Give a formal derivation of ∃x~P(y) given the premises ~∃x(∀yP(y) ∧ Q(x)) and Q(b) This is one of the question I was given for homework, and I'm not sure how to do it, I'm not even really sure how to start. I missed some classes, and I've been trying to figure it out for a couple hours, but still haven't gotten anywhere.
Edit 1:
so I've come up with this, however I’m not very confident about it

  
*
  
*~∃x(∀yP(y)$\wedge$Q(x))
  
*Q(b)
  
*∀x~(∀yP(y)$\wedge$Q(x))  1, change to universal quantification
  
*∀x~(∀yP(y))          3, specialization
  
*~(∀yP(y))            4, U.I.
  
*∃y~P(y)              5, change to existential quantification
  

 A: If we are asked to provide a formal derivation, it's always relevant to know the rules you are asked to use. I'm assuming here you are using standard FOL natural deduction calculus.

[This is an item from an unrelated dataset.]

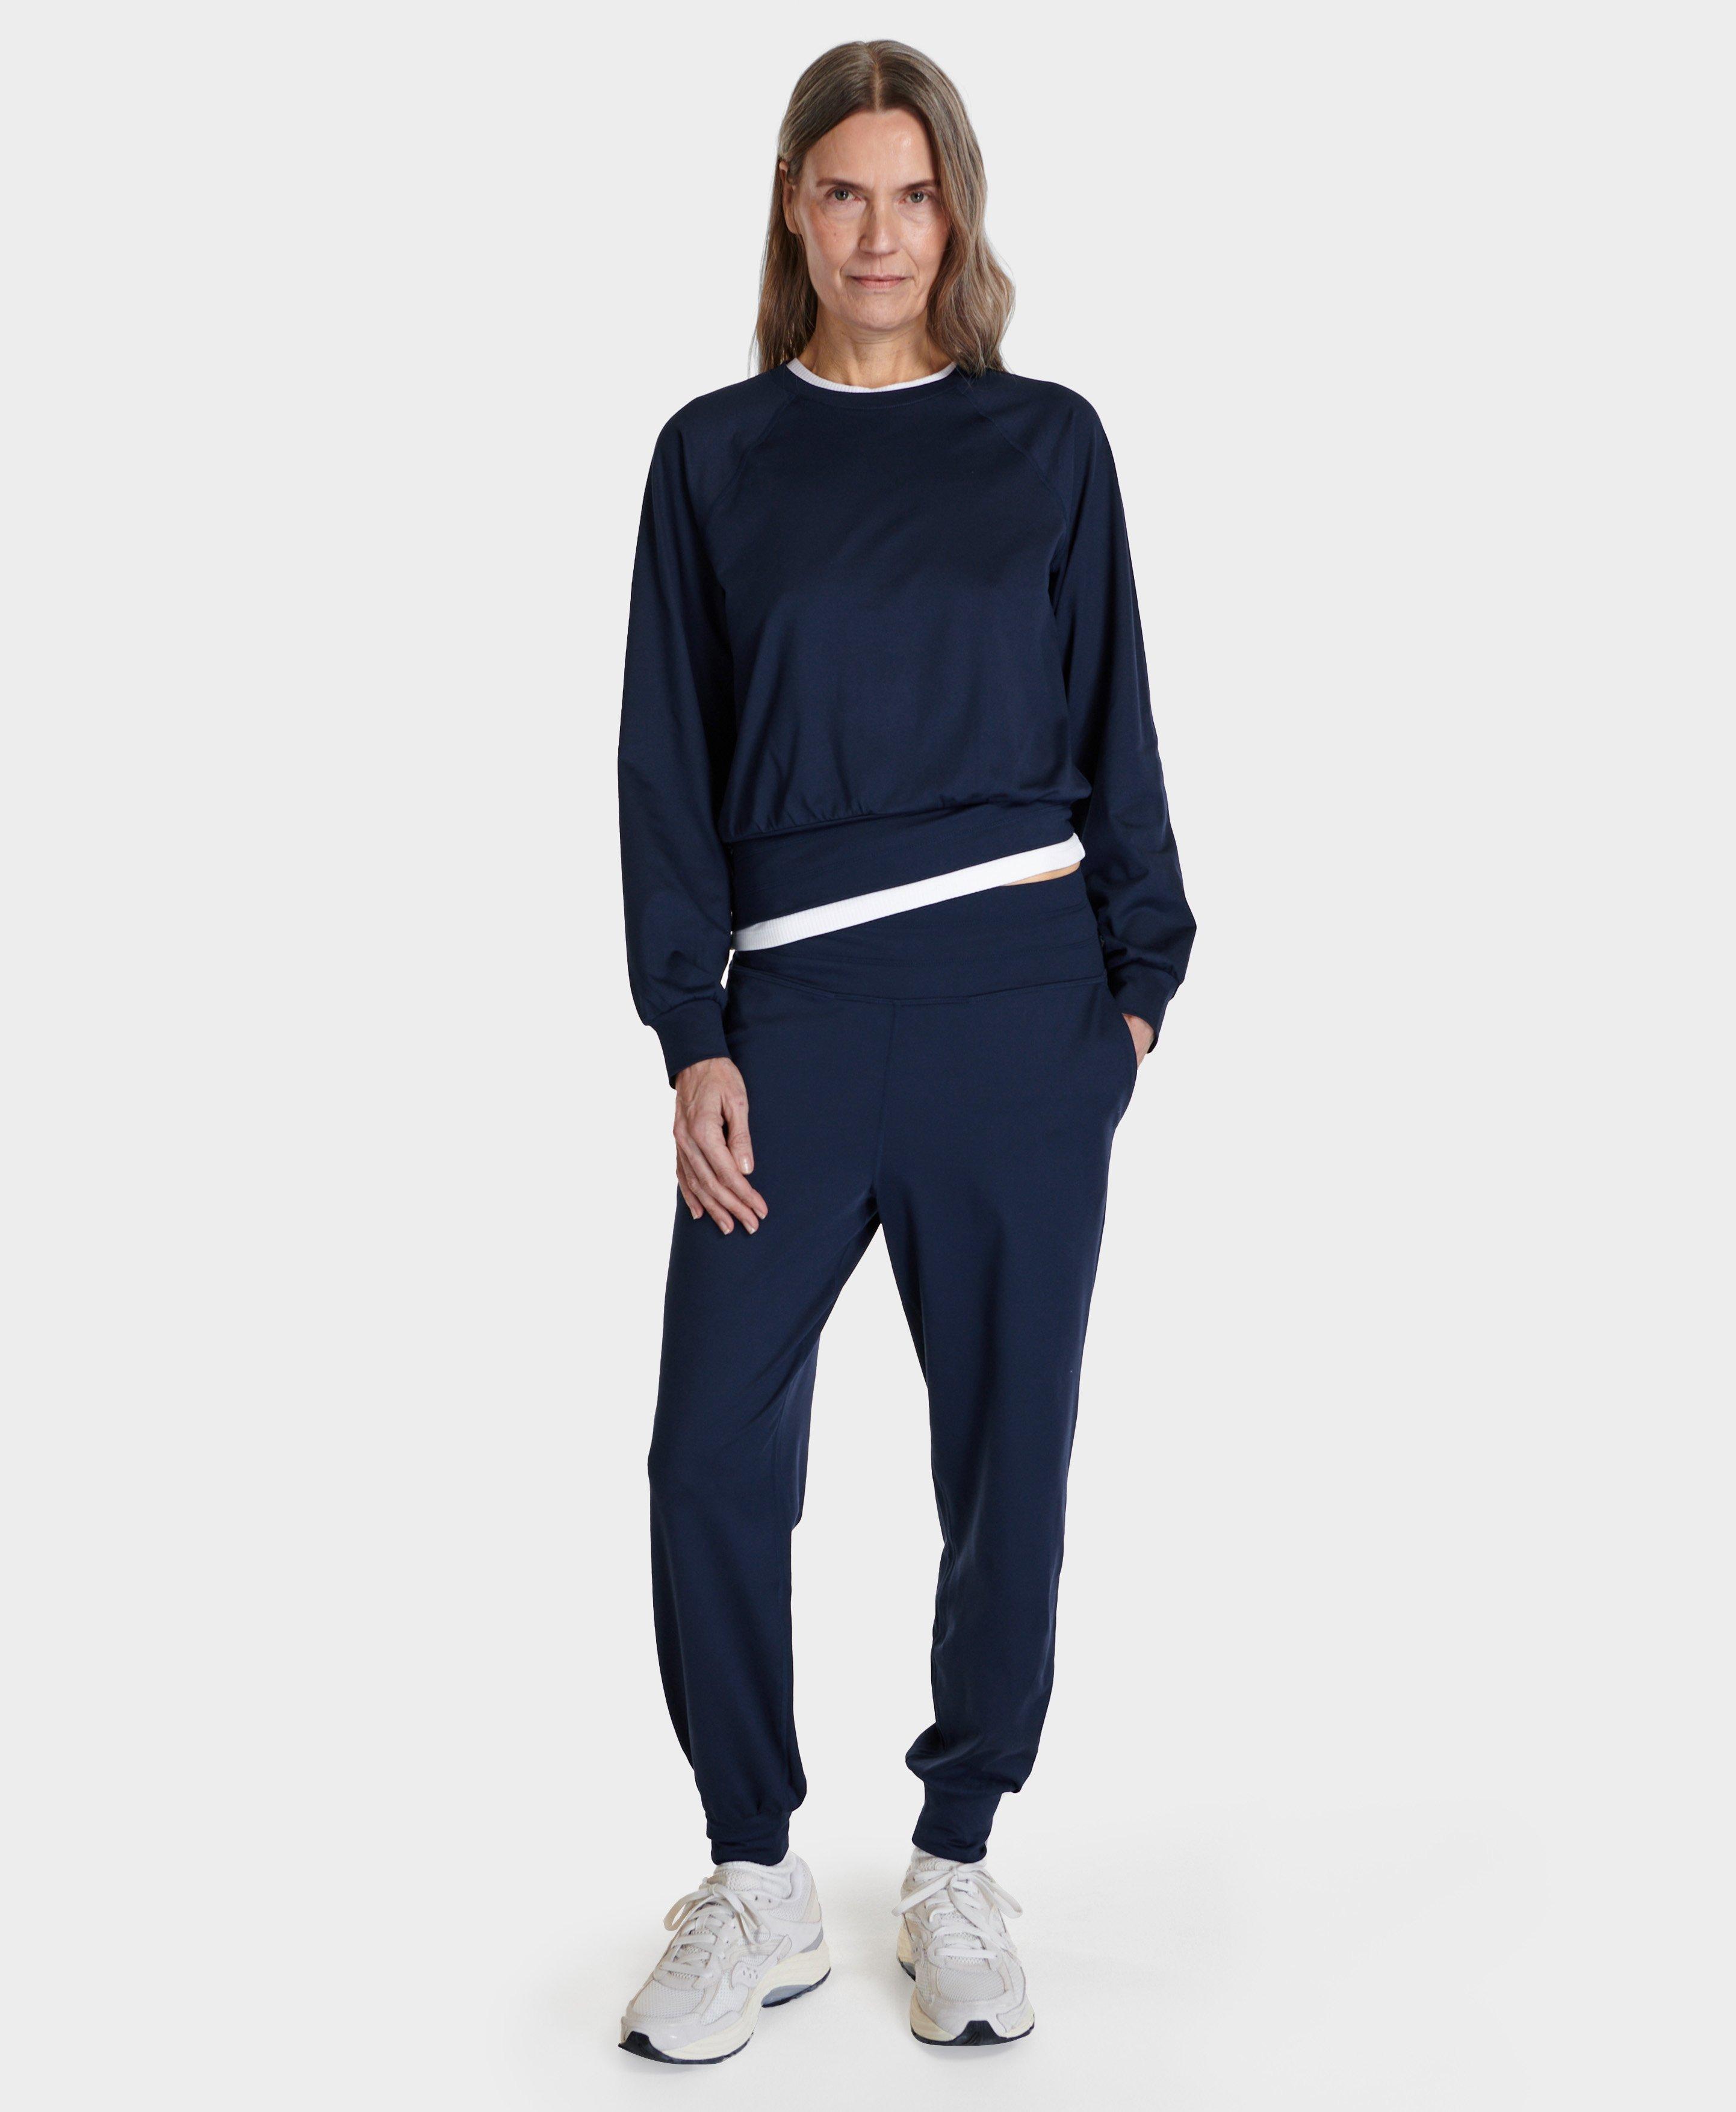 Gaia Yoga Jumpsuit - Navy Blue, Women's Dresses and Jumpsuits

The proof then goes as follows:

  
*
  
*$\neg \exists x (\forall y P(y) \wedge Q(x))$, P
  
*$Q(b)$, P
  
*$\forall x \neg (\forall y P(y) \wedge Q(x))$, 1 $\exists$def
  
*$ \neg (\forall y P(y) \wedge Q(b)$ 3 $\forall$E (UI)
  
*$\neg \forall y P(y) \vee \neg Q(b)$ 4 De Morgan Laws
  
*$\neg \forall y P(y)$ 5 Disjunctive Syllogism
  
*$\exists y \neg P(y)$ 6 $\exists$def
  

As you can see I'm assuming some propositional admissible rules, namely, the De Morgan Laws and Disjunctice Syllogism, hoping that you can complete it as the rest of your homework.
A: It is hard without knowing what rules of inference you are allowed to use ...
Assuming that we can use the equivalences between $\forall \lnot$ and $\lnot \exists$ and between $\lnot \forall$ and $\exists \lnot$ and De Morgan's laws, we have first to rewrite the formula :

$\lnot ∃x(∀yP(y) \land Q(x))$

as : $∀x \lnot (∀yP(y) \land Q(x))$ which is equivalent to $∀x (\lnot ∀yP(y) \lor \lnot Q(x))$ and finally to : 

$∀x (∃y \lnot P(y) \lor \lnot Q(x))$.


Now for the derivation :
1) $∀x (∃y \lnot P(y) \lor \lnot Q(x))$ --- premise [1] (after the transformation)
2) $Q(b)$ --- premise [2]
3) $∃y \lnot P(y) \lor \lnot Q(b)$ --- from [1] by $\forall$E (i.e. UI)
4) $∃y \lnot P(y)$ --- assumed [2]
5) $\lnot Q(b)$ --- assumed [3]
6) $\bot$ --- from 2) and 5) by $\rightarrow$E (or modus ponens)
7) $∃y \lnot P(y)$ --- from 6) by $\bot$E

8) $∃y \lnot P(y)$ --- from 3), 4), 5) and 7) by $\lor$E, discharging assumptions [2] and [3]

Conclusion from 1), 2) and 8) : 


$\lnot ∃x(∀yP(y) \land Q(x)), Q(b) \vdash ∃y \lnot P(y)$.



Note
In the derivation I have use natural deduction; if your proof system is different, you have to adapt the above proof to it.
For example, the above derivation can be easily adapted to an Hilbert-style proof, using again De Morgan and the equivalences between quantifiers. 
We have to start from premise 1 :

$\lnot ∃x(∀yP(y) \land Q(x))$

and apply De Morgan "inside" to get :
$\lnot ∃x \lnot (\lnot ∀yP(y) \lor \lnot Q(x))$
which is :
$\forall x(\exists y \lnot P(y) \lor \lnot Q(x))$.
Now we instantiate the universal quantifier, to get :
$\exists y \lnot P(y) \lor \lnot Q(b)$
and use the equivalence between $\lnot p \lor q$ and $p \rightarrow q$ to rewrite it as :
$Q(b) \rightarrow \exists y \lnot P(y)$.
The conclusion follows from premise 2 and modus ponens.